Paulo Cezar mostra o projeto para construção de campos de grama sintética e quadras no local onde fica o gramado do Estádio Procópio Teixeira

T.B.: Você disse que cresceu dentro do clube. Como se sente ao ter que tomar essa decisão?

P.C.G.: O dia em que fizemos a reunião em que decidimos tomar essa decisão, quatro diretores, entre eles eu, pensamos mil vezes. É um valor inestimável, já que vamos mexer com o sentimento de quem gosta de futebol. É uma decisão que primeiro atinge a nós. Meus filhos cresceram naquele campo. Para mim está sendo doloroso. Foi construído com muita responsabilidade por Francisco Queiroz Caputo e todas as pessoas que estavam envolvidas com ele. Nós temos respeito por isso. Estamos tomando uma decisão entre perder o patrimônio ou conservá-lo. Qual a decisão a ser tomada? Adianta ficar com o campo e amanhã perder o patrimônio? Essa é a nossa pergunta.

As quadras vão ser só para os associados?

P.C.G.: Aluguel só à noite. Sábado e domingo, somente sócios. Continuaremos também com as escolinhas.

Tem uma previsão de gastos para a construção das quadras?

P.C.G.: De imediato, faríamos apenas a quadra poliesportiva e de tênis. De início, logo após a votação, vamos fazer a divisão dos campos com cercas. E depois, aos poucos, vamos entrar com a grama sintética. Tudo com planejamento”. [Posteriormente revelou que o investimento total será de, aproximadamente, R$ 300 mil, em recursos do clube.

T.B.: E como ficaria a área da arquibancada?

P.C.G.: É inexplicável porque a arquibancada do Sport foi tombada. As pessoas que tomaram essa decisão nunca vieram no clube. E como que fica a conservação desse patrimônio, como que faz?

T.B.: Sobre a construção do shopping na área do clube, você ainda trabalha com essa possibildade?  

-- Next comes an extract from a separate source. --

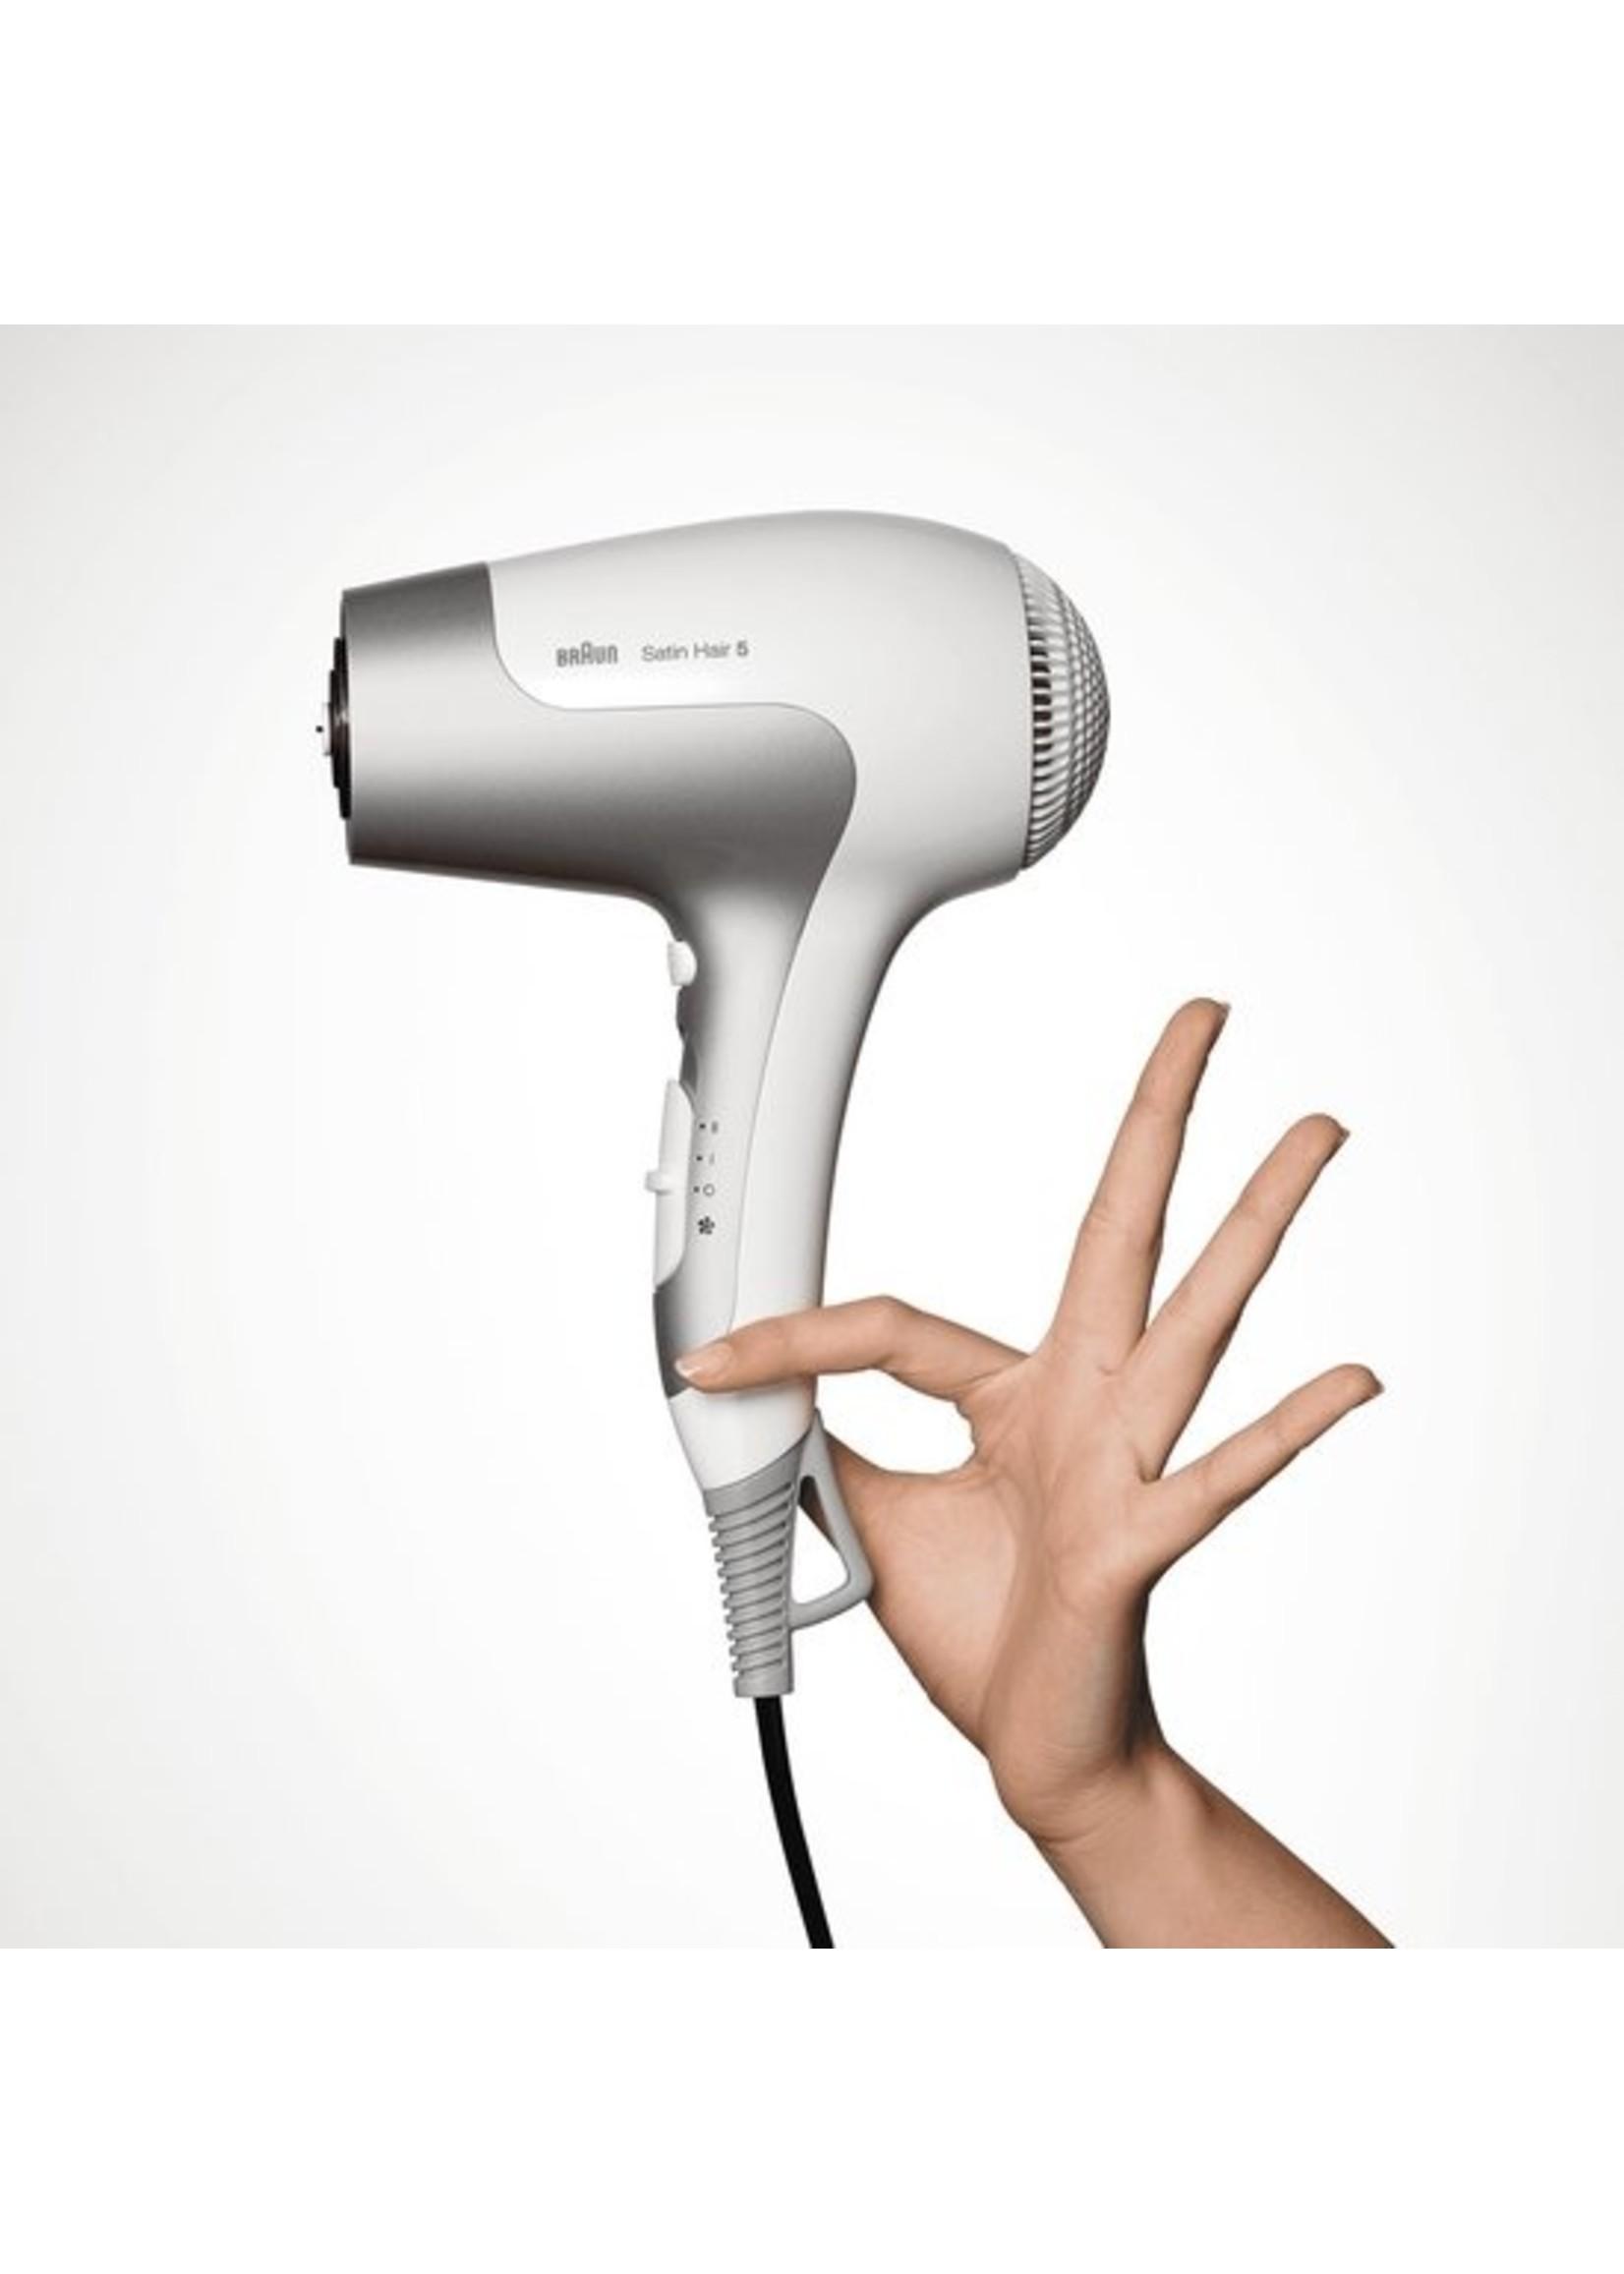 Braun Braun Satin Hair 5 HD580 Power Perfection - Föhn koopjeshoek

P.C.G.: Trabalhamos com duas frentes para o caso de uma não dar certo. A construção do shopping é uma segunda opção. Existe, sim, um estudo para a construção de um grande shopping de uma rede do Brasil. Mas é segunda opção. Pegaria toda a área, e o clube ficaria no último andar.

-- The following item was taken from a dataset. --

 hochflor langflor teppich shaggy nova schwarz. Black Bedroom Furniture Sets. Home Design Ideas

T.B.: Você afirma que trabalha com duas frentes…

P.C.G.: Eu tomei uma decisão. Ou eu conservo o clube do jeito que ele está e dentro de 20 anos eu perco esse patrimônio, ou tomo as decisões que têm que ser tomadas. Se amanhã tudo isso for para o “ferro velho”, eu que serei criticado. O Senhor Caputo não deixou um centavo de dívidas, mas as diretorias que vieram depois deixaram dívidas.

T.:B.: Qual o número de sócio em dia com o clube?

P.C.G.: “Sócio ativos: 920, entre sócio patrimonial, contribuinte, individual e universitário.Hoje, temos cerca de 800 crianças dentro do clube que não pagam nada. Esse projeto social é desenvolvido há oito anos com futebol, handebol basquete, que não pagam nada. Não temos ajuda nenhuma”.